Fernando Diniz e o novo-velho futebol brasileiro
Centro de debates intermináveis, Fernando Diniz, de um jeito ou de outro, mudou o jeito que se discute futebol no Brasil, começando a trazer alguma profundidade para o debate construído aqui. Quando Diniz alcançou uma certa relevância dentro do futebol brasileiro, principalmente após sua primeira passagem no Fluminense e seu trabalho no São Paulo, a discussão começou rasa como costumava ser. O debate construído na imprensa ainda era muito pautado na dialética jogo curto, lento e pausado x jogo vertical, físico e alongado. Desconsiderava-se as nuances das organizações a partir do espaço e do tempo, do verdadeiro significado de verticalidade, e tudo se organizava como uma divisão entre guardiolistas, aqueles que gostam da bola e trocam passes curtos, e kloppistas, aqueles que contra-atacam com velocidade, verticalidade e intensidade. Guardiola x Klopp. Zidane x Simeone. Telê x Felipão. Menotti x Bilardo. Pode haver mais ou menos iniciativa em um ou outro, mas, no todo, o treinador sempre caía em uma das caixinhas. Isso cria aberrações como colocar numa mesma caixa Telê e Cruyff, como se houvesse uma forte afinidade conceitual entre os dois, já que ambos os treinadores gostam de trabalhar a posse de bola com toques curtos. Nesse cenário, as comparações entre Diniz e Guardiola floresceram – num lugar onde só se debate gostar ou não da bola, parece automático aproximar os dois treinadores. A discussão sobre Diniz se reduzia a debates sobre a “saidinha” – uma saída de bola muito curta, sempre de pé em pé, nunca usando o chutão, e os perigos que ela traz. Felizmente, Diniz não demoraria para mudar o foco do debate para uma questão mais profunda.

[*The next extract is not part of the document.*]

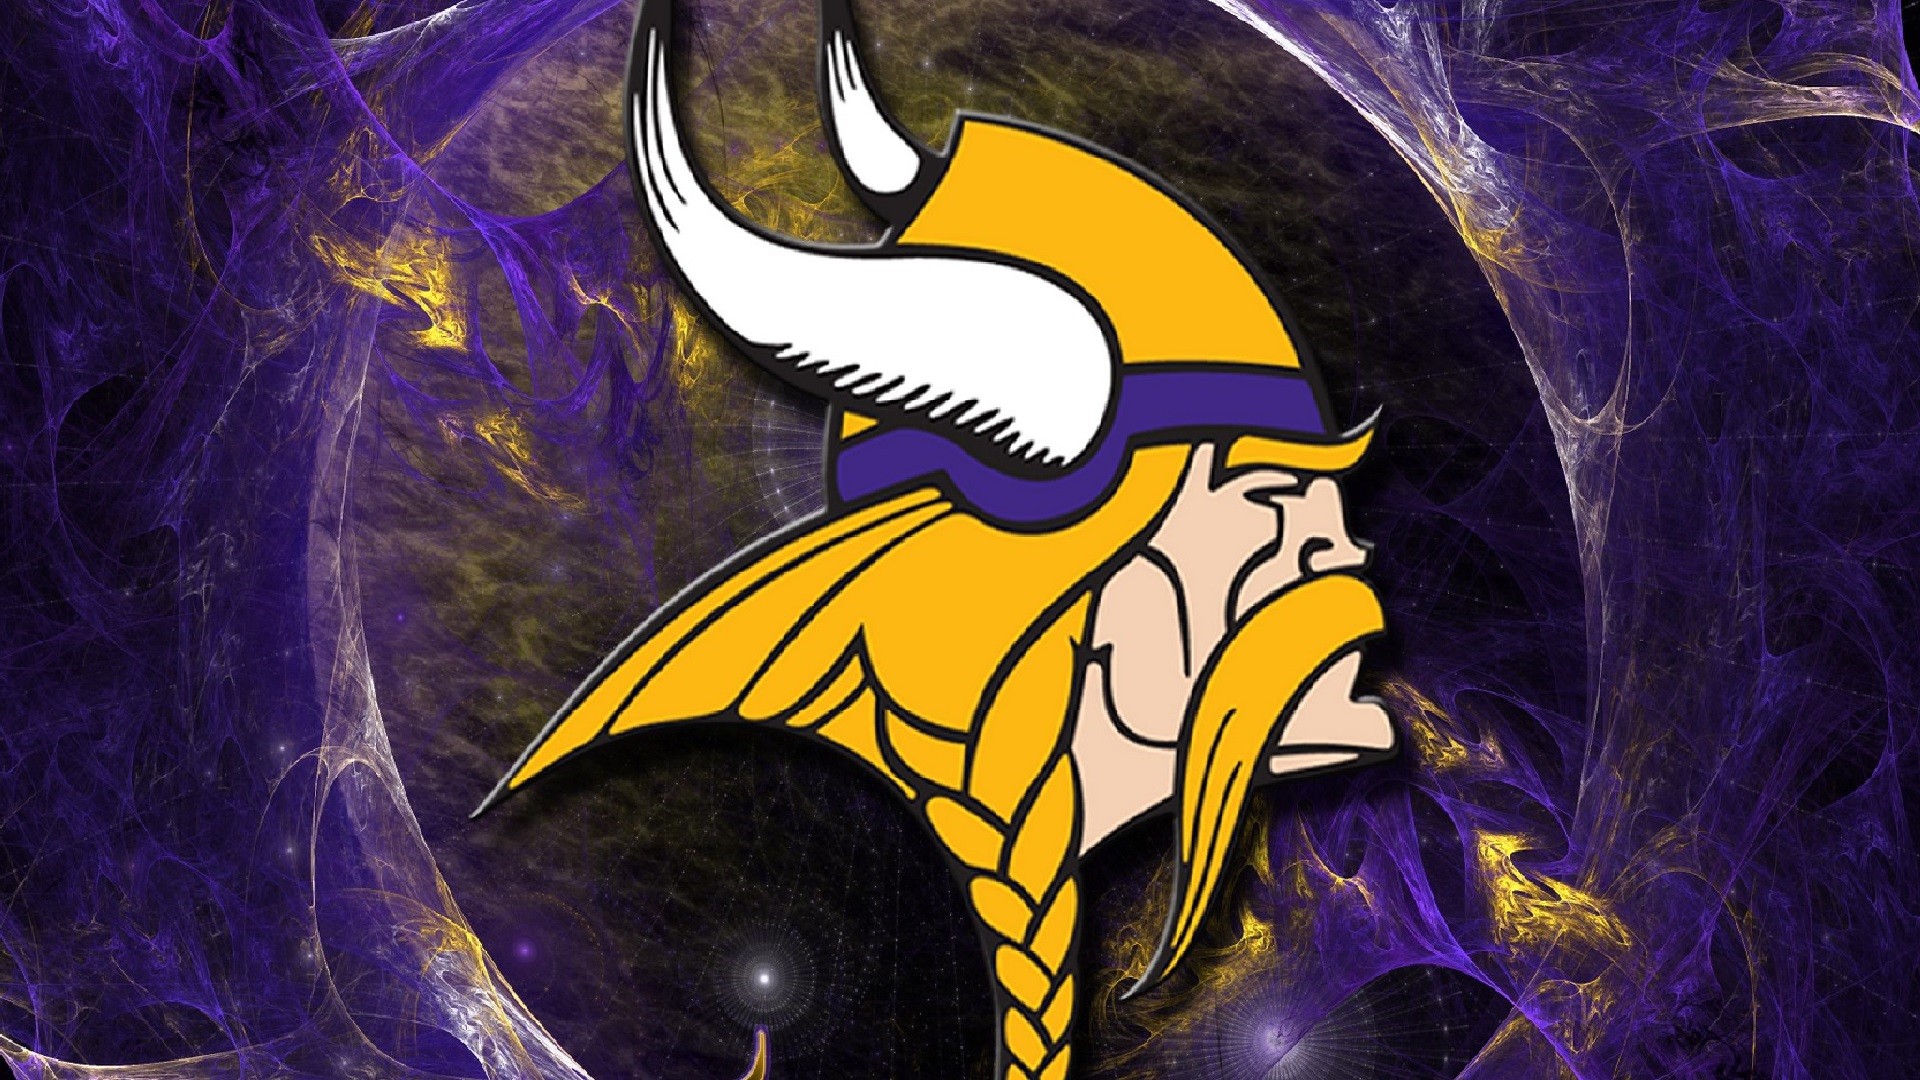 Wallpapers HD Minnesota Vikings NFL with high-resolution 1920x1080 pixel. You can use this wallpaper for your Mac or Windows Desktop Background, iPhone, Android or Tablet and another Smartphone device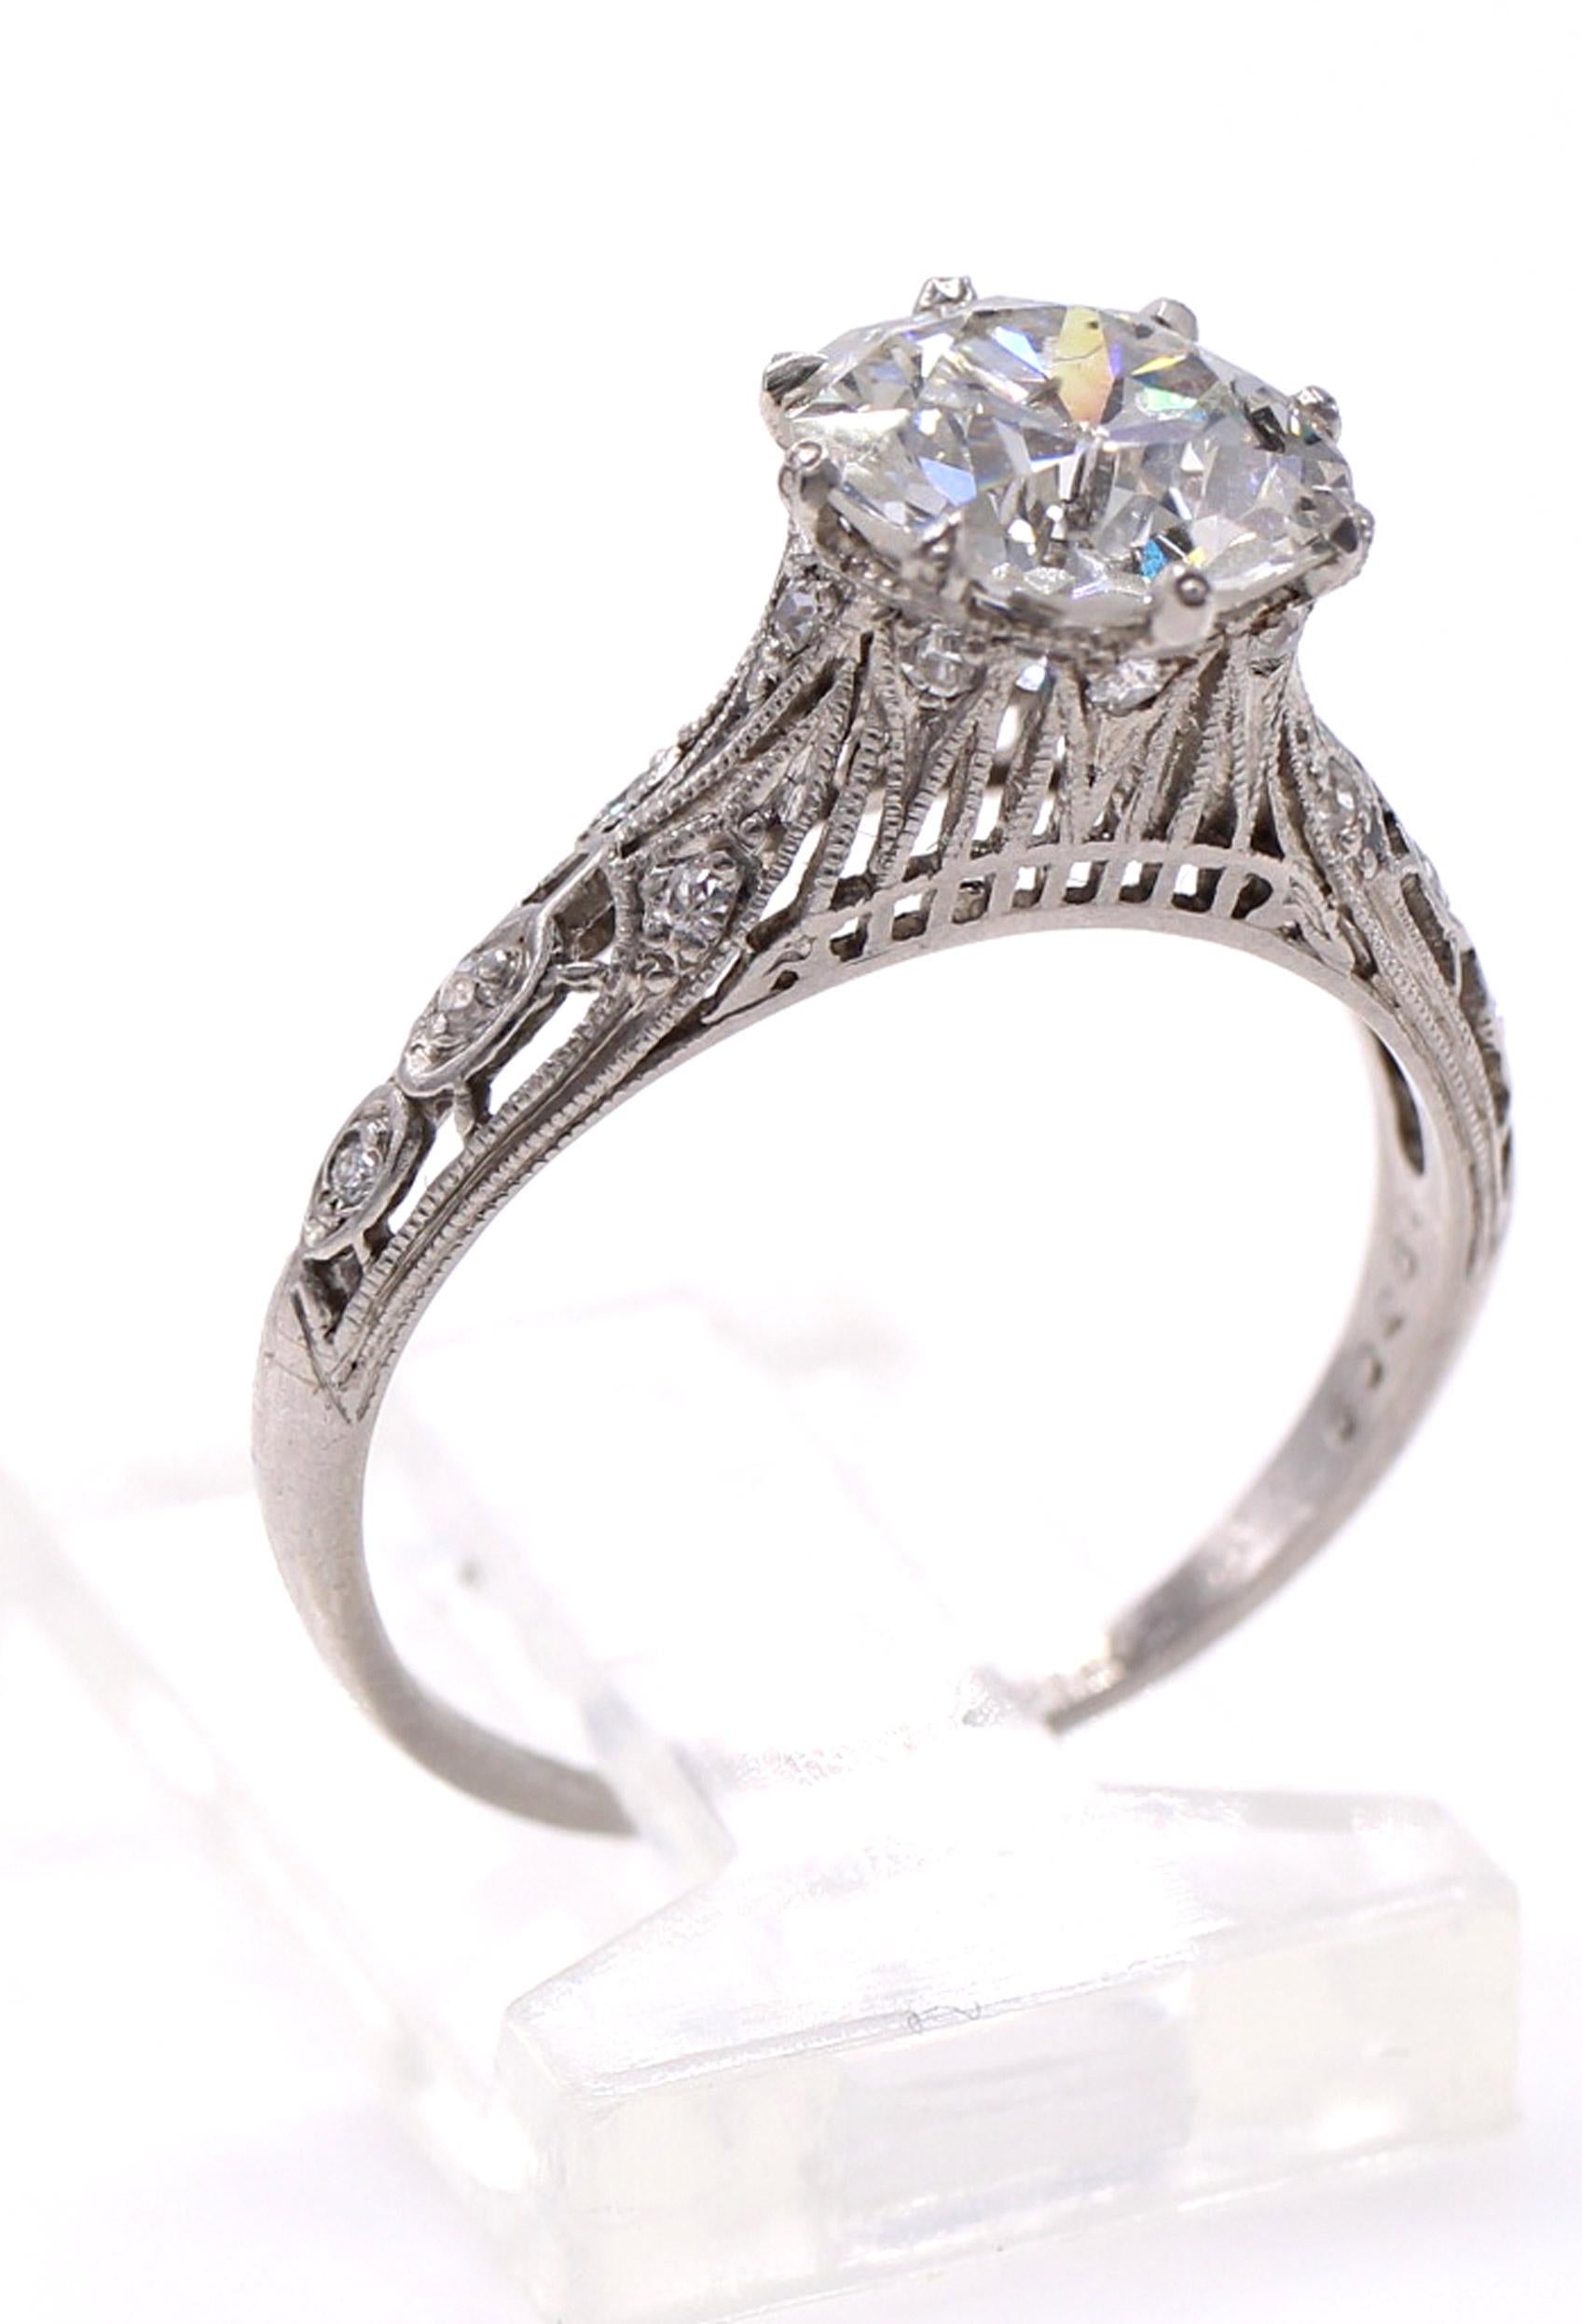 Art Deco Old European Cut Diamond Engagement Ring In Excellent Condition For Sale In New York, NY

“Por conta de gostar de ter a bola, obviamente as pessoas me associam ao jeito do Guardiola jogar, mas para aí. Porque a maneira dele ter a bola é quase o oposto da maneira que eu tenho a bola. (A maneira do Guardiola) É um jogo posicional, que se chama hoje, os jogadores respeitam muito a posição e a bola vai no espaço. […] Os jogadores obedecem um determinado espaço pra ficar. Quem tá do lado direito, tá do lado direito e quem tá do lado esquerdo, tá do lado esquerdo, e eles movimentam dentro daquele espaço e a bola chega naqueles espaços. […] E o jeito que eu vejo o futebol nesse momento é quase que aposicional. Os jogadores conseguem migrar mais de posição, o campo fica mais aberto e o jogo fica mais livre. Em determinado momento, a gente pega e se aproxima em determinados setores do campo, e mesmo naquele setor do campo tem troca posicional” – Fernando Diniz.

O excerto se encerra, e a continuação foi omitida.